Some findings are emerging from studies on Rett syndrome, a rare form of autism that affects only girls. Dorothy Schafer, now at the University of Massachusetts Medical School, studied microglia’s role in Rett syndrome while she was a postdoctoral researcher in Stevens’s lab. Using mice with mutations in MECP2, the predominant cause of the disease, she found that while microglia were not engulfing synapses during early development, the phagocytic capacity (or the gobbling ability) of these cells increased during the late stages of the disease. These unpublished results suggest that microglia were responding secondarily to a sick environment and partially resolve a debate going on about what microglia do in Rett syndrome—in recent years some studies have shown that microglia can arrest the pathology of disease, whereas others have indicated that they cannot. “Microglia are doing something, but in our research, it seems to be a secondary effect,” Shafer says. “What’s going on is still a huge mystery.”

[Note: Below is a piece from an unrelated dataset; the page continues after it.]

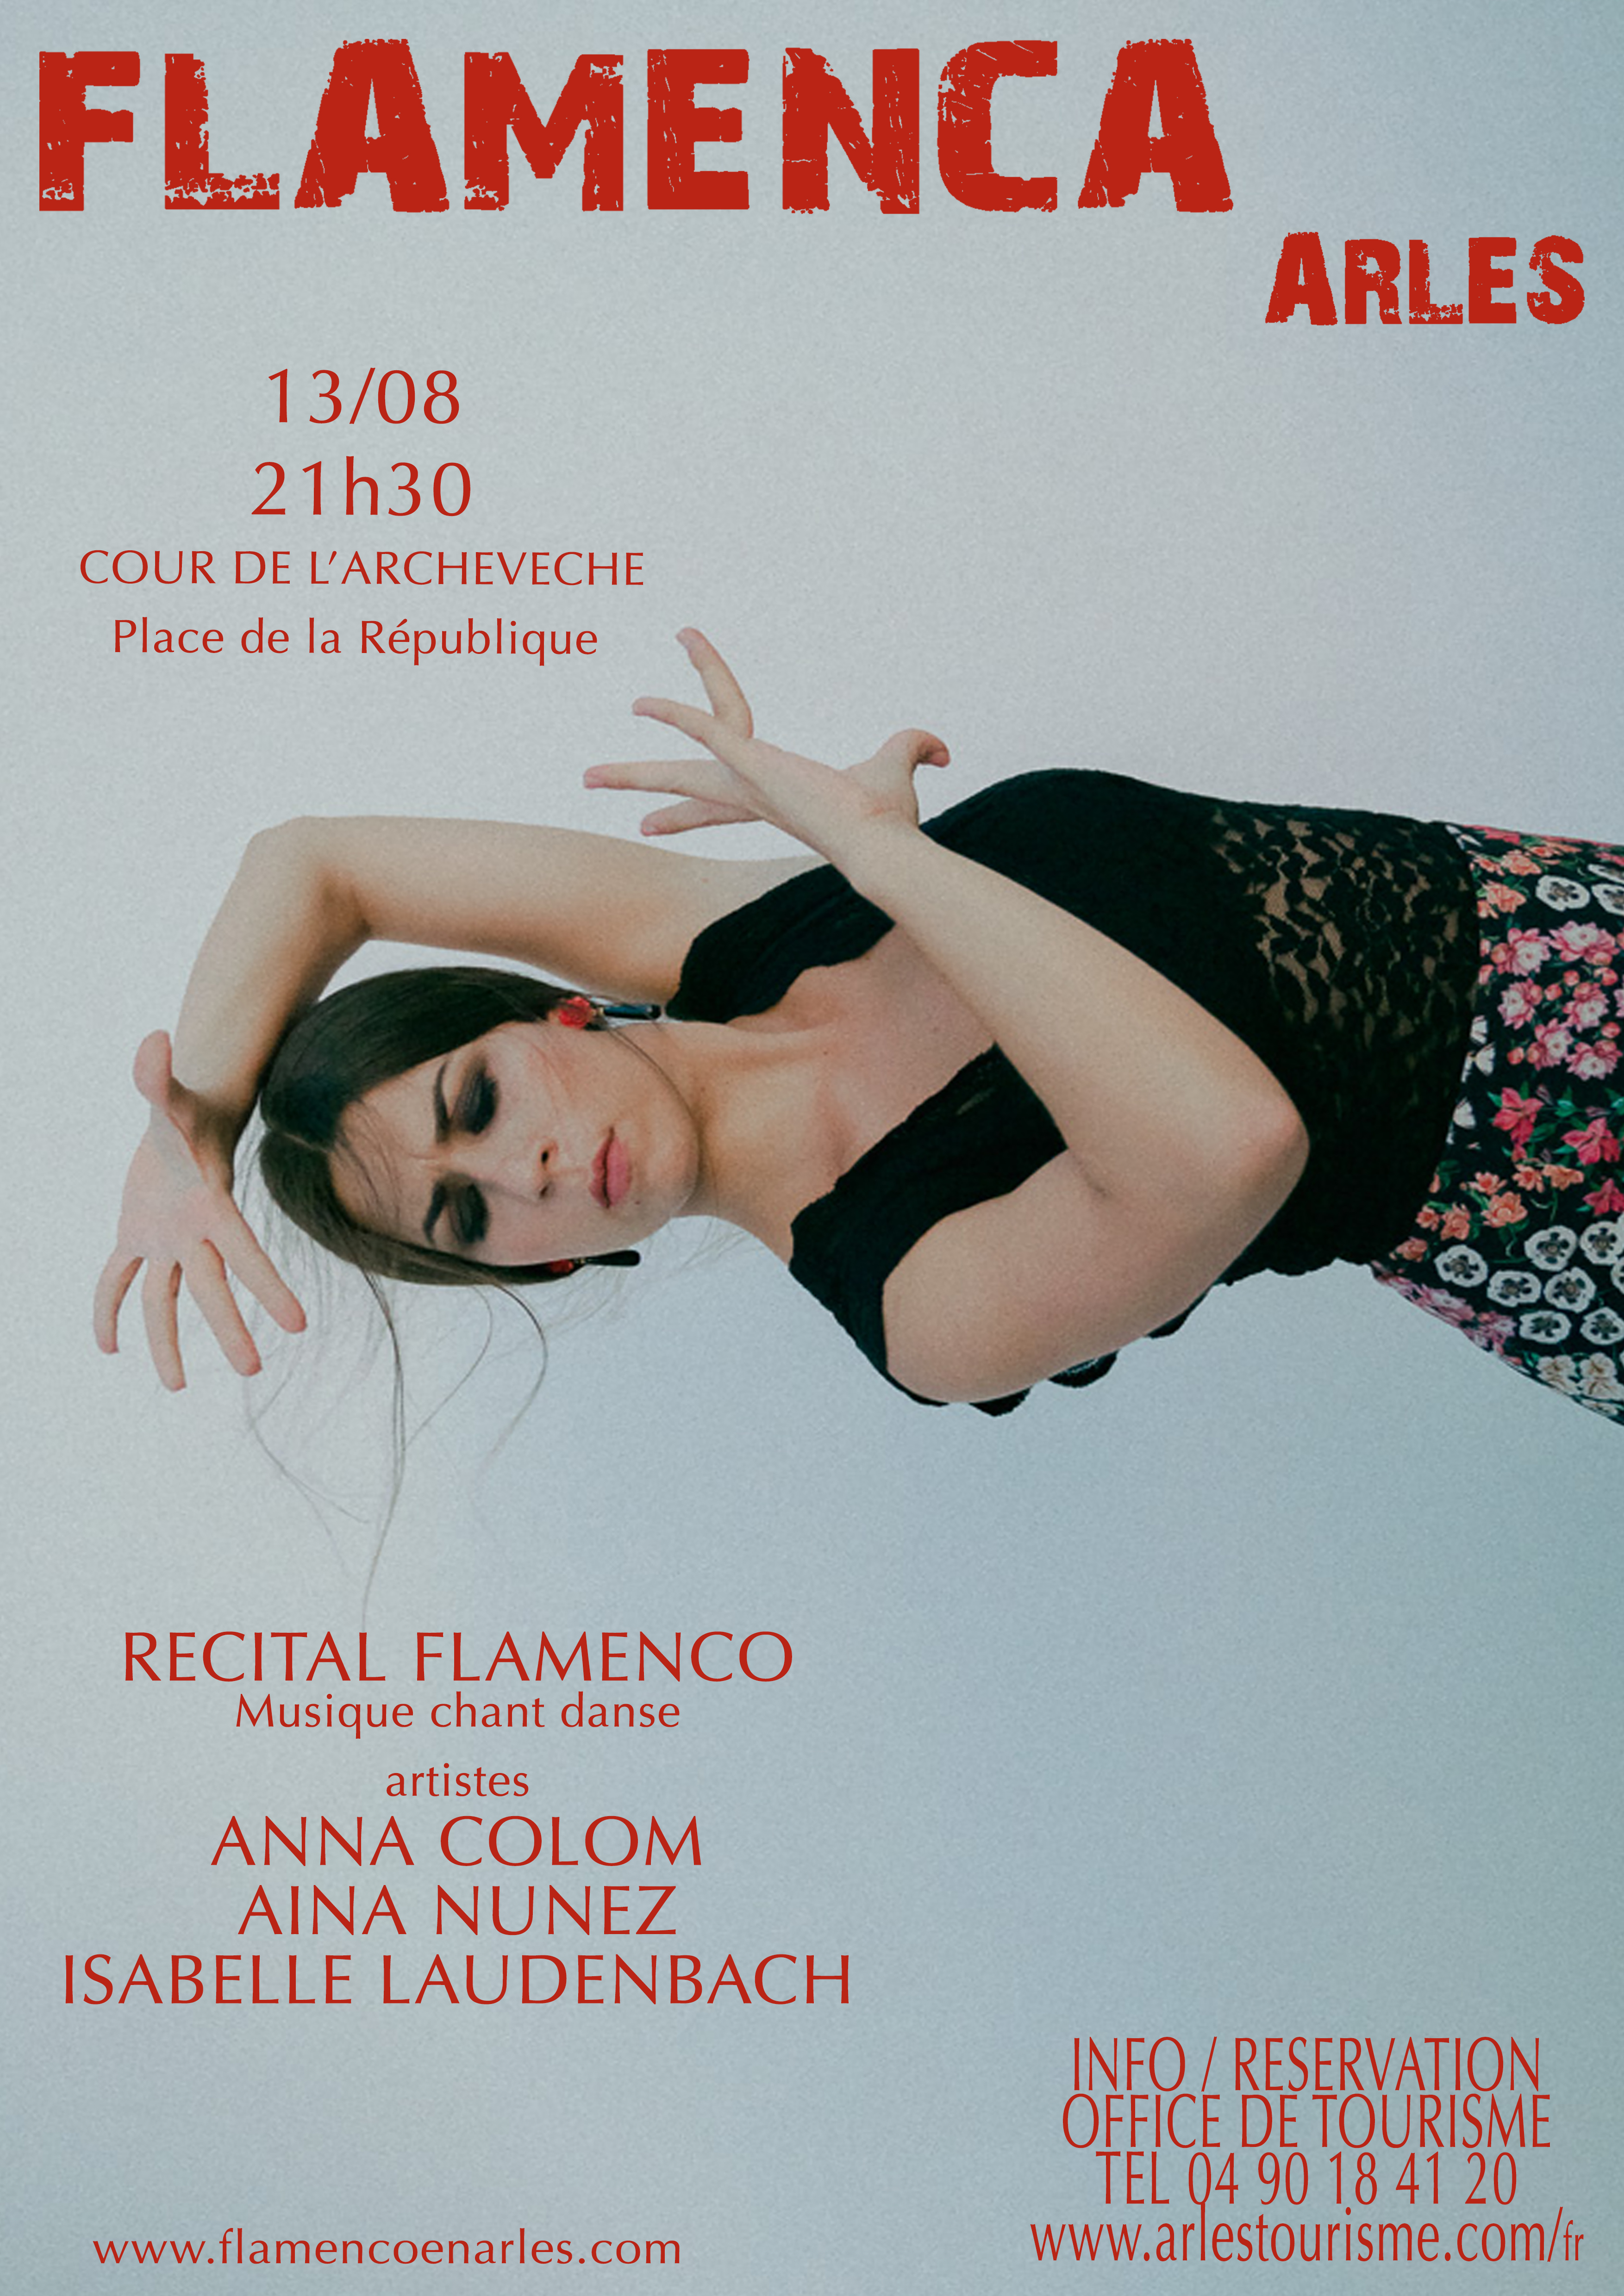 Chant, guitare, danse avec Anna Colom, Aina Nuñez, Isabelle Laudenbach.

Return of the Pruning Shears
As the resident immune cells, microglia act as sentinels, sensing and removing disturbances in the brain. When the brain is exposed to injury or disease, microglia surround the damaged areas and eat up the remains of dying cells. In Alzheimer’s disease, for example, microglia are often found near the sites of beta-amyloid deposits, the toxic clumps of misfolded proteins that appear in the brain of affected people. On one hand, microglia may delay the progression of disease by clearing cellular debris. But it is also possible that they are contributing to disease.
Early synapse loss is a hallmark of many neurodegenerative disorders. Growing evidence points to the possibility that microglial pruning pathways seen in early development may be reactivated later in life, leading to disease. Unpublished data from Stevens’s lab presented at the conference suggest that microglia are involved in the early stages of Alzheimer’s and that blocking microglia’s effects could reduce the synapse loss seen in Huntington’s disease.
As a newly burgeoning field, there are still more questions than answers. Next year’s conference is likely to bring us closer to understanding what these dynamic cells are doing in the brain. Once the underdogs, microglia may be the key to future therapeutics for a wide variety of psychiatric and neurodegenerative disorders.